Wednesday, February 25, 2009

Glad To See ...

... someone else is bothered by that besides I.

3 comments:

Anonymous said...

Get a job.

;^)

Zo Kwe Zo said...

For more on this, see Jesperson's Progress in Language, item 192, page 246.

It is worth remembering that English (as German) was a barbarous vernacular at the time, and Shakespeare (like Goethe and Schiller) were literally inventing modern English.

This included standardizing the spelling and regularizing the grammar, as well as expanding the vocabulary. In English, this was imported directly (e.g. interdict, from past participle of interdicere), whereas in German each morpheme was individually translated (untersagen, from inter -> unter, dicere -> sagen).

The only reason we say interdict instead of undersay is because England successfully broke with the Roman Church early on and used Latin to improve the standing and use of English among educated Britons, whereas in German-speaking areas the language itself was used as a weapon in this battle, and Latin was seen as a foreign oppressor.

Historical accident is no reason not to regularize our language. I can read and understand Standard American English much faster than nonstandard English, especially when the signal-to-noise ratio is low.

And just because Shakespeare (or Twain) sometimes used dialect to good rhetorical effect does not mean that lesser writers should so presume.

Naturally, me, being a greater writer, does so presume.

Anonymous said...

I know not what course others may take, but as for I give I liberty or give I death.
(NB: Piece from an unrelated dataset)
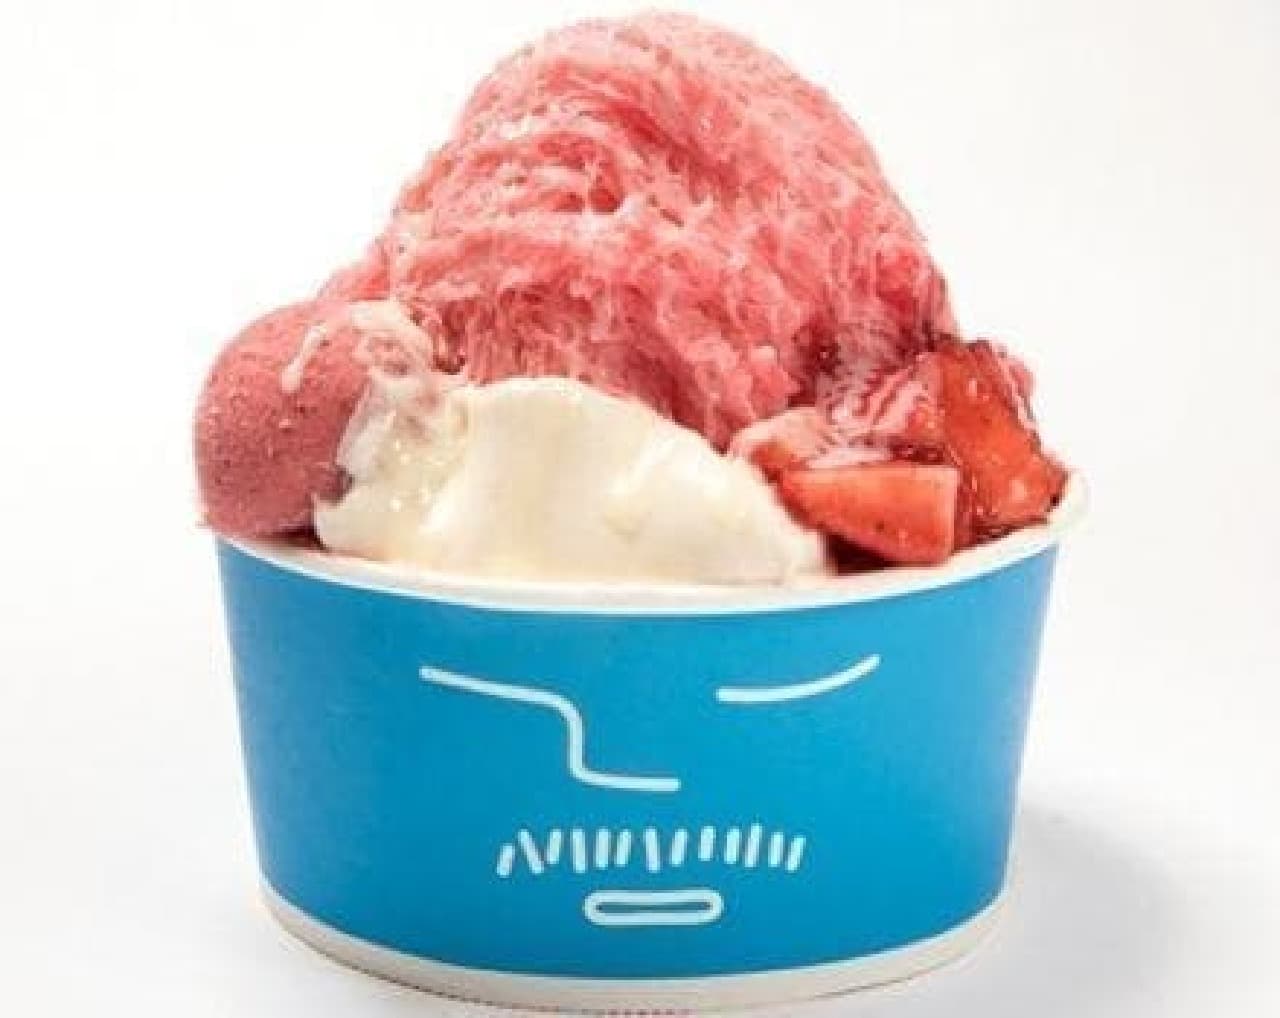 Ice monster "Strawberry shaved ice"

Uh - no, I don't think so.

Btw there were no dictionaries yet at Shakespeare's time, so there was no place to look up the correct spelling or usage of a word. Everyone just spelled words as they thought they should be spelled. Dr. Johnson published the first English dictionary in 1755. He was proud of the fact that he wrote his dictionary in just 9 years while it had take the French 50 years to write theirs. But you already knew that.

As far as Shakespeare's spelling and usage go, Jim Quinn in "American Tongue and Cheek" points out that editors and printers have "corrected" Shakespeare's works through the years so that we can't be sure from what we read today what he actually wrote unless we're working from original manuscripts.